7. The intelligent assessment method for safety early warning of power distribution equipment according to claim 6, characterized in that, The risk propagation simulation based on dynamic causal graphs includes: Initialize the dynamic cause-effect graph by taking the power distribution equipment whose status score exceeds the first threshold as the risk source node; Construct a propagation probability matrix P, and P ij =σ(W i,j ×Score i ); where P i,j W represents the propagation probability from node i to node j in the propagation probability matrix. i,j Score represents the edge weight between node i and node j. i σ represents the state score of the device at the i-th node in the dynamic causal graph, and σ represents the sigmoid function. The risk probability P of each neighboring node j is calculated using a Bayesian network model. risk,j ; Based on the propagation probability P ij and risk probability P risk,j Performing a Monte Carlo simulation yields multiple random propagation paths; Calculate the combined probability P of each random propagation path based on its occurrence frequency. path :P path =P freq ×∏P ij , where P freq P represents the frequency of occurrence of random propagation paths. freq =Number of path occurrences / Total number of simulations, ∏ (i->j)∈随机传播路径 P ij It represents the product of all propagation probabilities along a random propagation path; The combined probabilities of random propagation paths are sorted, and the top M random propagation paths are output to obtain the risk propagation paths.

8. The intelligent assessment method for safety early warning of power distribution equipment according to claim 7, characterized in that, The propagation probability P ij and risk probability P risk,j Performing a Monte Carlo simulation includes: A1. Starting from the risk source node, generate random numbers r∈[0,1]; A2. If r < P i,j The risk is then determined to have propagated from node i to node j, and the following action is taken: When P risk,j When the activation threshold is reached, node j is added to the current propagation path, and steps A1-A2 are recursively executed with node j as the new propagation starting point. A3, when P risk,j If the value is less than the activation threshold, a single simulation is completed, resulting in a single random propagation path. A4, repeat A1-A3, until the number of simulations is reached, resulting in multiple random propagation paths.

9. The intelligent assessment method for safety early warning of power distribution equipment according to claim 7, characterized in that, The triggering of tiered early warnings based on risk propagation paths includes: The risk is classified into levels based on the comprehensive probability of the risk transmission path, and the basis for the classification is as follows: Where Level represents the risk level and length represents the number of nodes in the risk propagation path; Based on the classification results, a warning signal corresponding to the level is sent.

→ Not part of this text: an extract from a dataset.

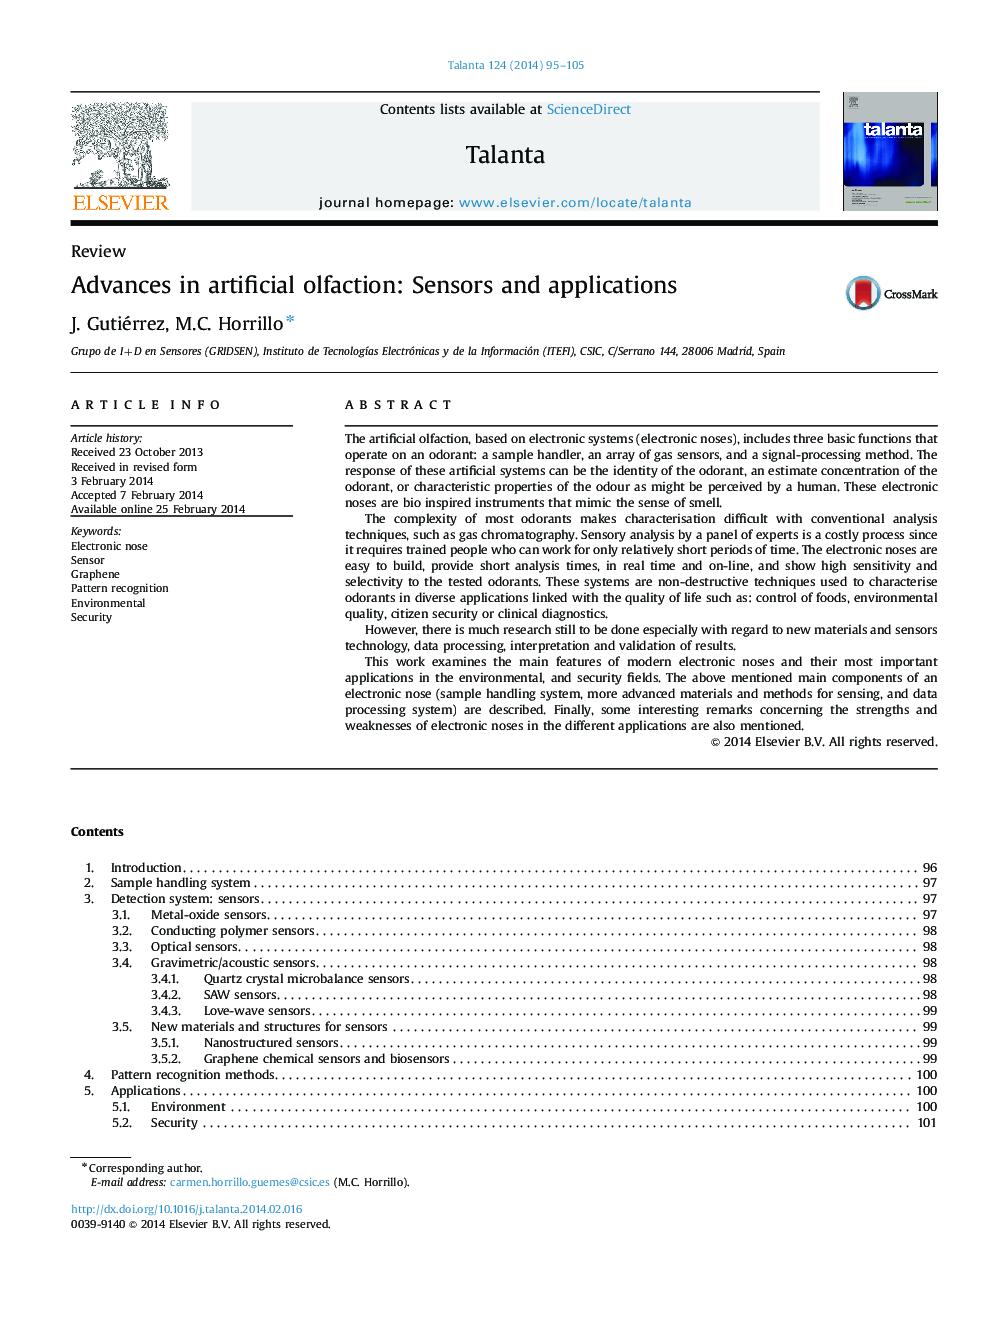 Advances in artificial olfaction: Sensors and applications

10. A safety early warning intelligent assessment system for power distribution equipment, characterized in that, include: The module includes a data acquisition module, a risk assessment module, and a risk early warning module; among them, The data acquisition module is used to collect real-time operating status data of the power distribution equipment and transmit it to the risk assessment module; The risk assessment module is used to create a digital twin for each power distribution device and construct a dynamic cause-effect graph based on the digital twin; each digital twin performs a status assessment based on the operating status data and generates a status score; when the status score exceeds a first threshold, risk propagation deduction is performed based on the dynamic cause-effect graph and the risk propagation path is output. The risk warning module is used to trigger and issue graded warning information based on the risk propagation path.